§ SUPPLIED MATERIAL
[Start of section]

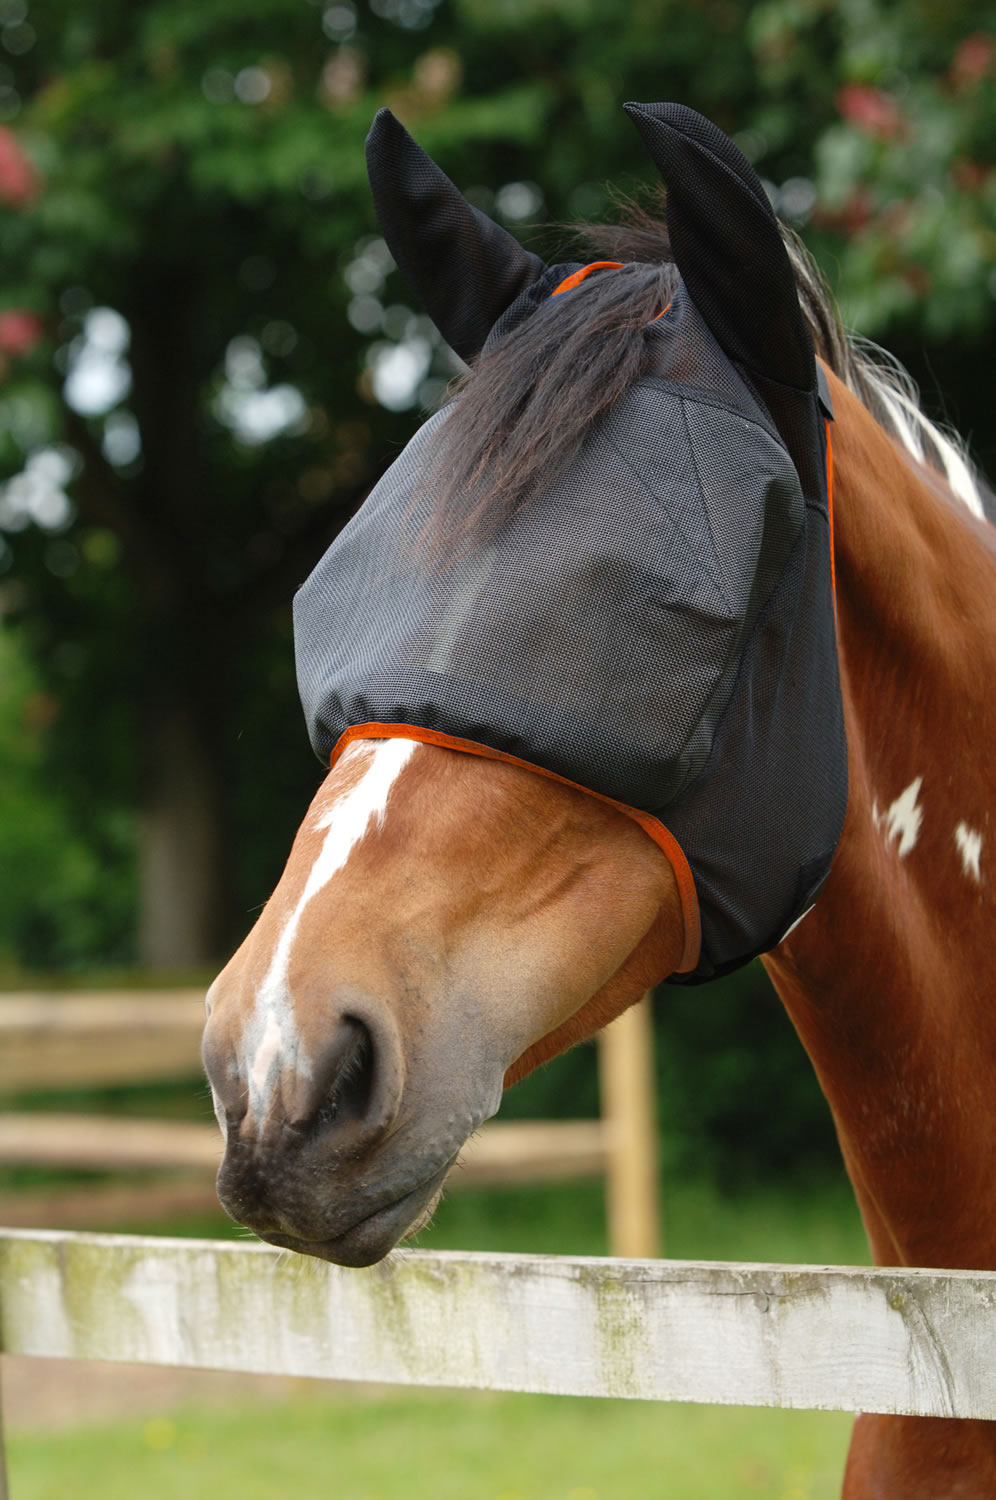 EQUILIBRIUM FIELD RELIEF MIDI FLY MASK & EARS BLACK/ORANGE MEDIUM BLACK/ORANGE MEDIUM
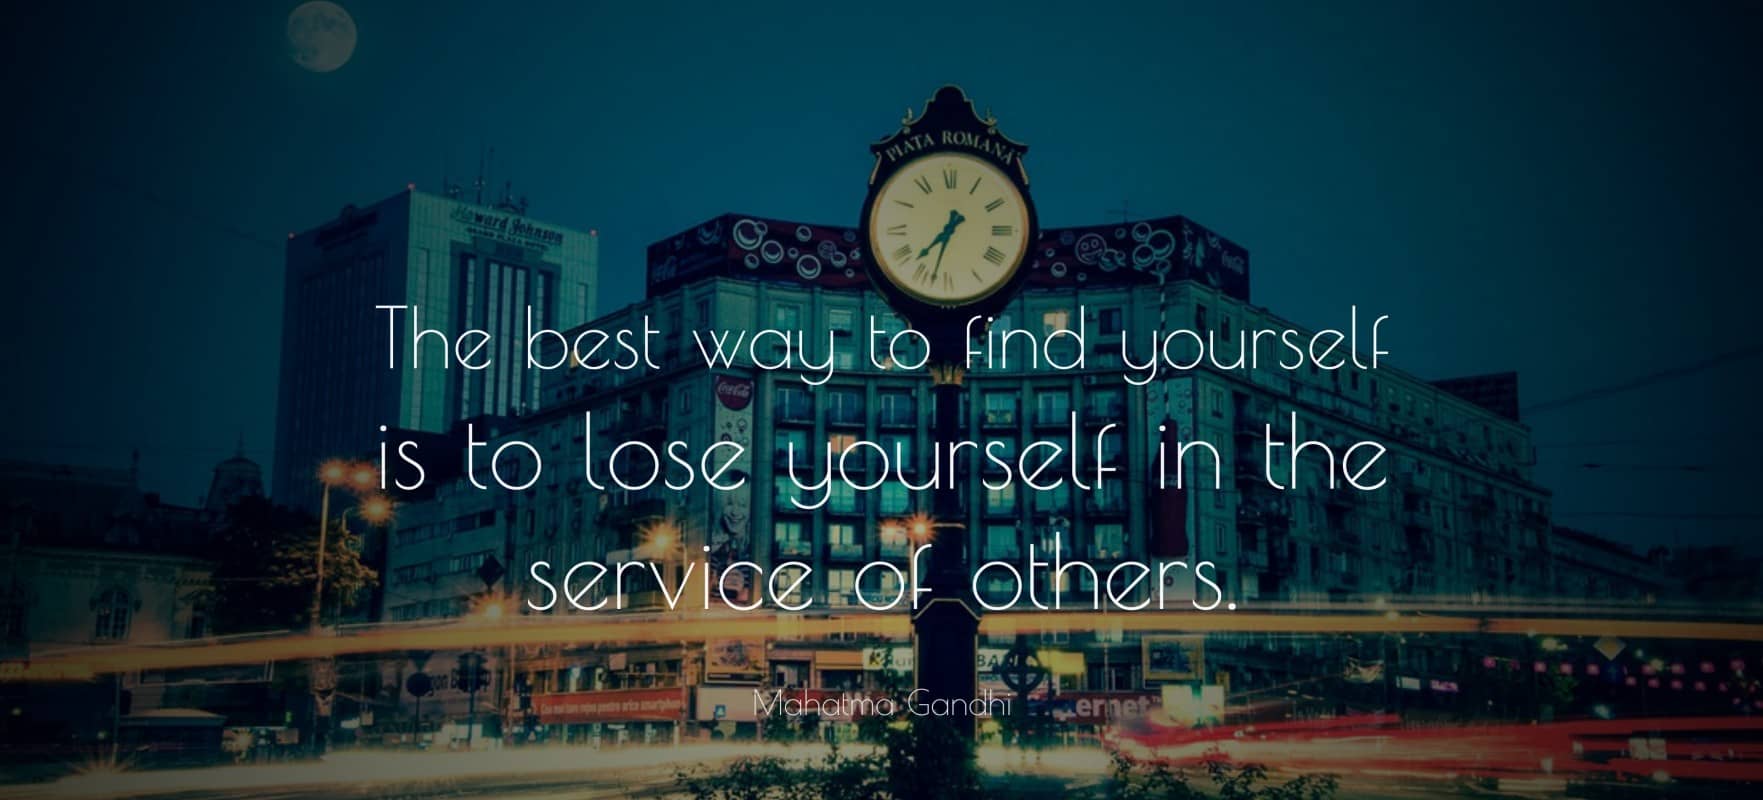 Find yourself through service quote
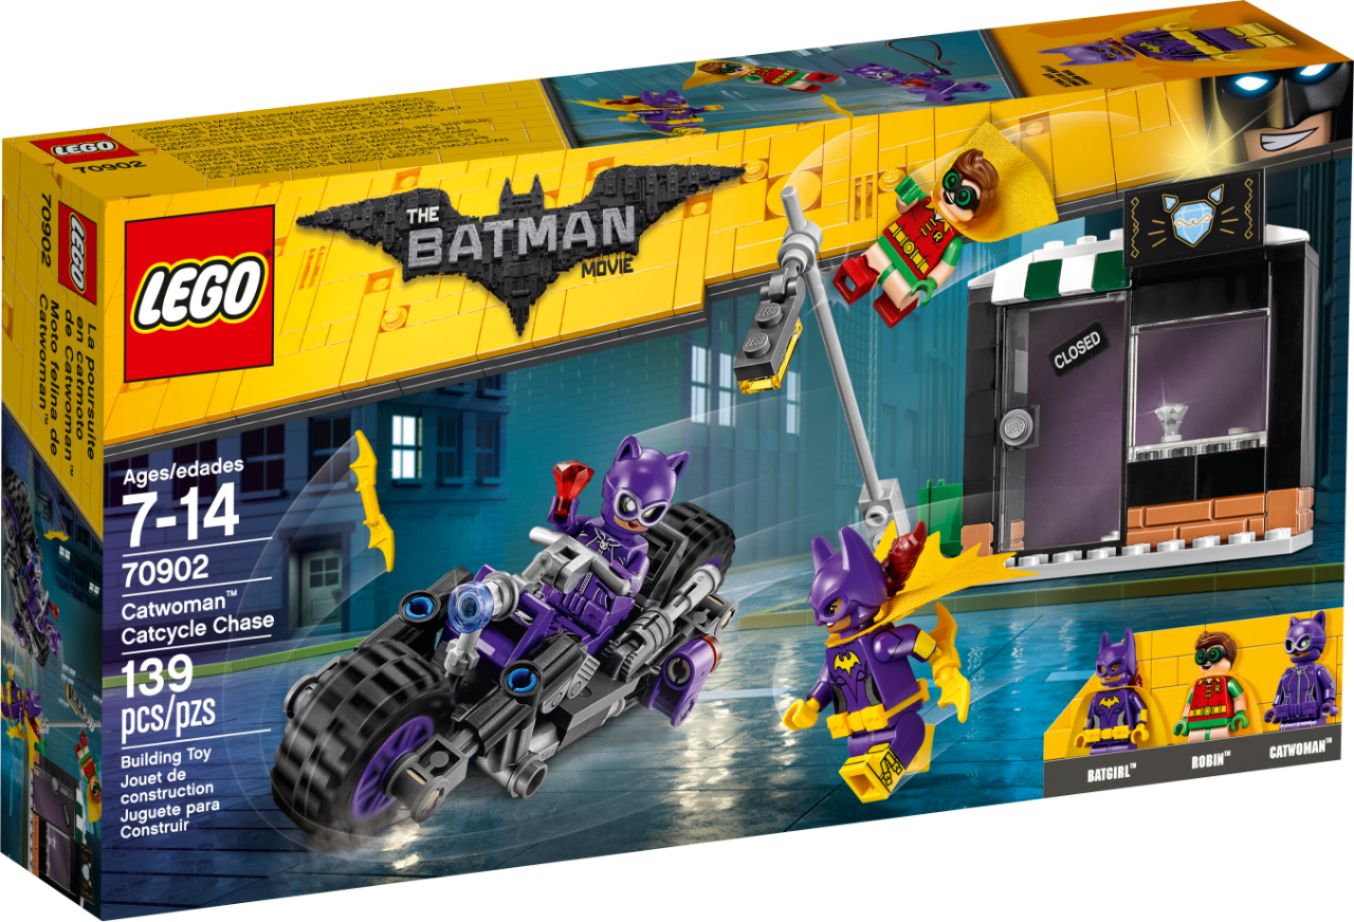 The LEGO Batman Movie Catwoman Catcycle Chase 70902 6175852 - Best

[End of section]

§ EXERCISE OBJECTIVE
In transcribing the lines above, omit the images and keep all else exact.

§ RESULT FOR THIS TASK
 EQUILIBRIUM FIELD RELIEF MIDI FLY MASK & EARS BLACK/ORANGE MEDIUM BLACK/ORANGE MEDIUM
 Find yourself through service quote
 The LEGO Batman Movie Catwoman Catcycle Chase 70902 6175852 - Best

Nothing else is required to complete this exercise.